You will get no argument from me! While the question is a bit different (it rather speaks to tyranny rather than to the notion of consent) those who pass the laws ought to be subject to the same accountability as those that are impacted by them. I wouldn’t hold my breath waiting for that to happen however. That is a sad commentary on our democratic republic.
Consent of the Governed? Accountability and American Public Schools
Although I am all for the empowerment of youth (I believe that treating children and especially teens is a self-fullfiling prophecy,) I am extremely cautious about the idea that minors should be able to exercise the full liberty of democracy when it comes to their educational path.
How many kids would chose to go to piano lessons instead of playing outside? And yet the adults I know who can play piano are grateful. Teaching the idea that there are some things you have to do in life is a critical part of creating responsible adults.
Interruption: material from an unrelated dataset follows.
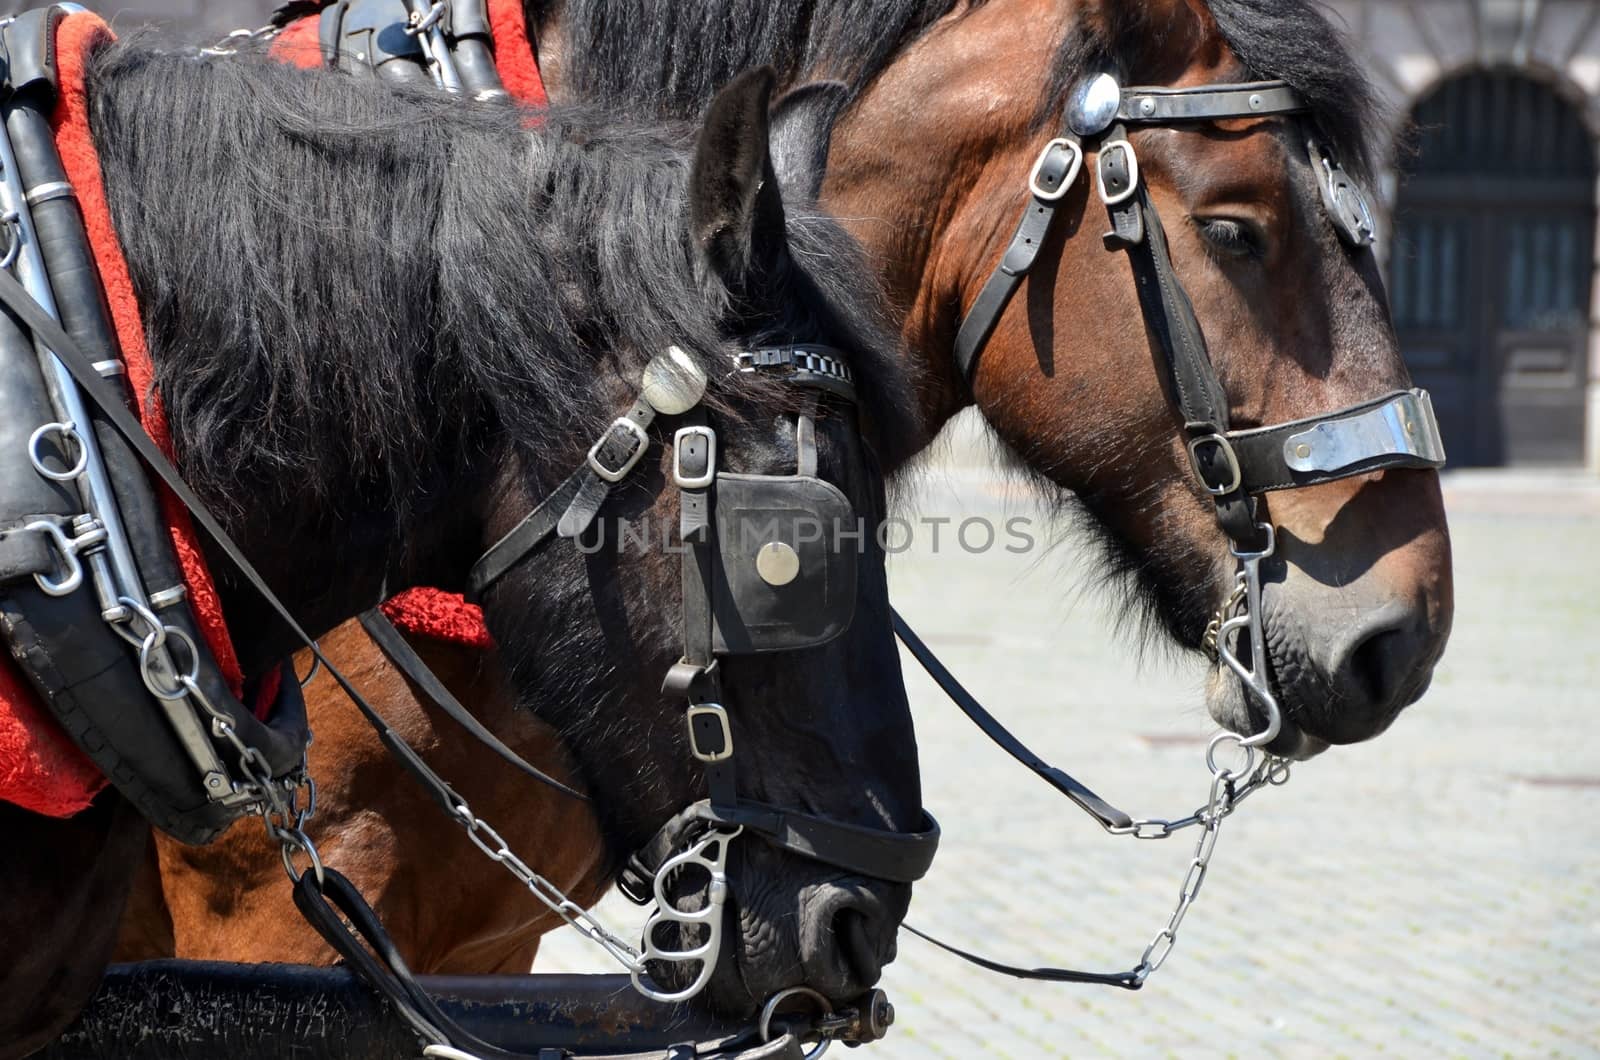 Work horses in Bruges, Belgium.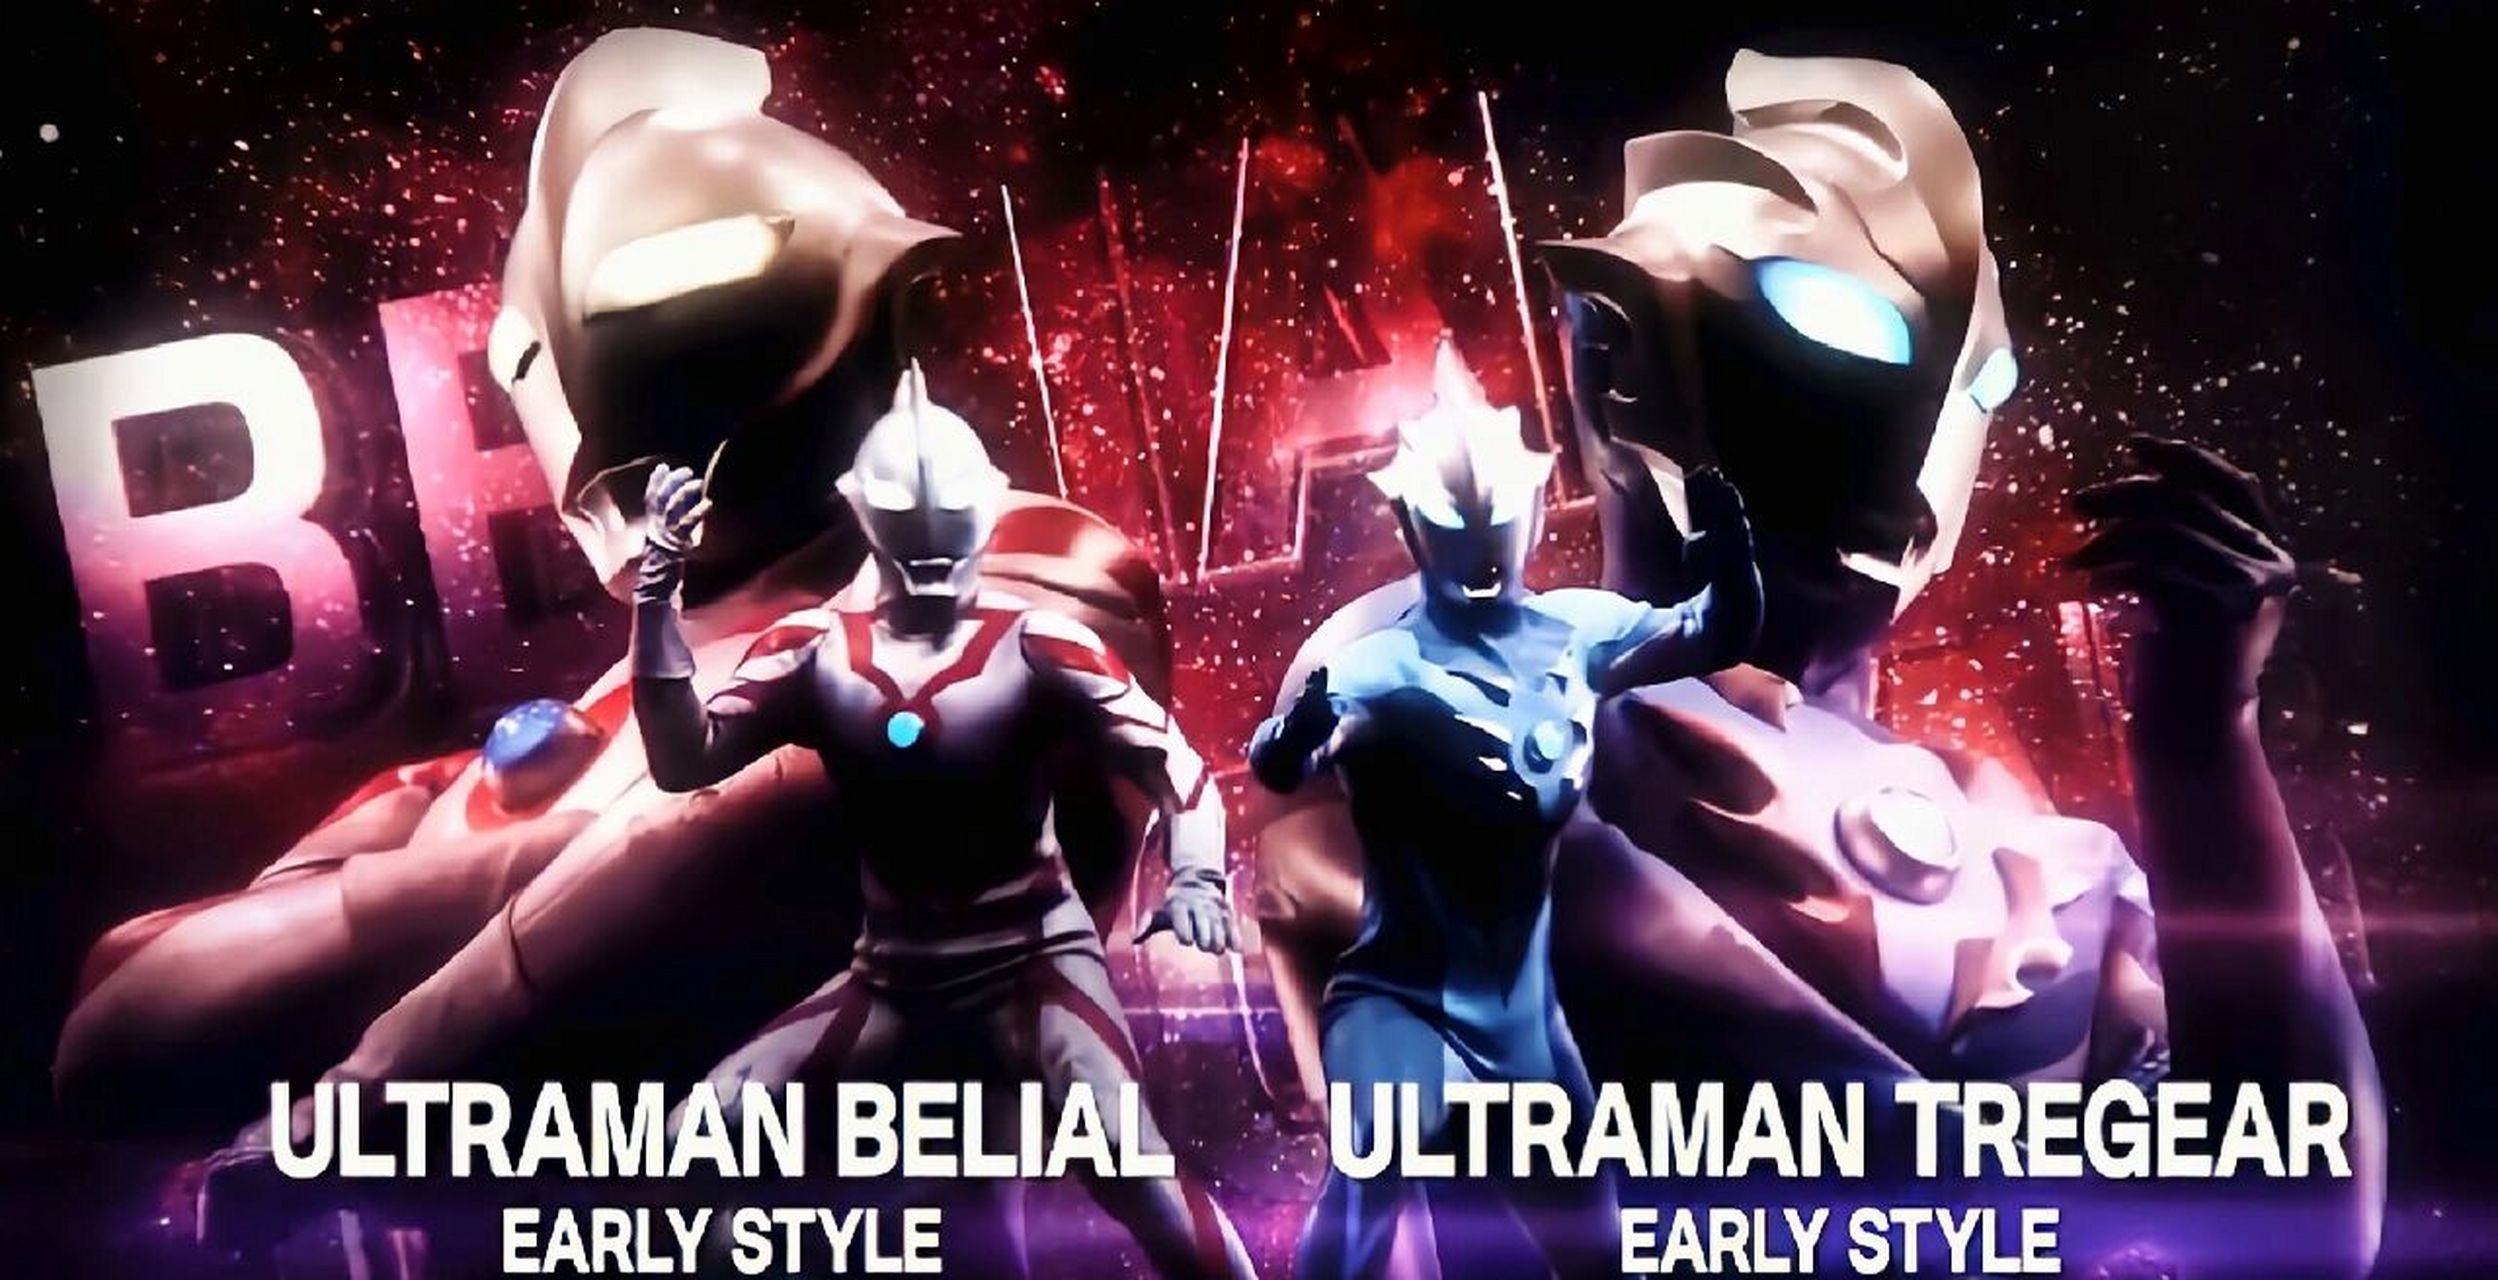 UltramanTregear图片

Yes, you are correct. The idea is not to give students completely free choice, rather it is to afford children the right to affirm that which is being imposed upon them. What I am suggesting is that in order to avoid tyranny in the classroom we seek ways of engaging students in a process of making choices. I like to think of this as having the teacher in the classroom build a “Curriculum Box” within which students then have multiple avenues of engagement with what “must” be taught.
I would, of course, disagree with your assessment that forcing children (or anyone else for that matter) to do what they “have to” is a way of creating responsible adults. Forcing compliance merely builds compliant adults not necessarily responsible adults. We become responsible by learning to make responsible choices which means that sometimes we make the wrong choices as well. In a democratic republic such as the United States we can afford nothing less than helping children develop a sense of democratic responsibility; a task best accomplished by placing them in the position of “having to” make responsible choices.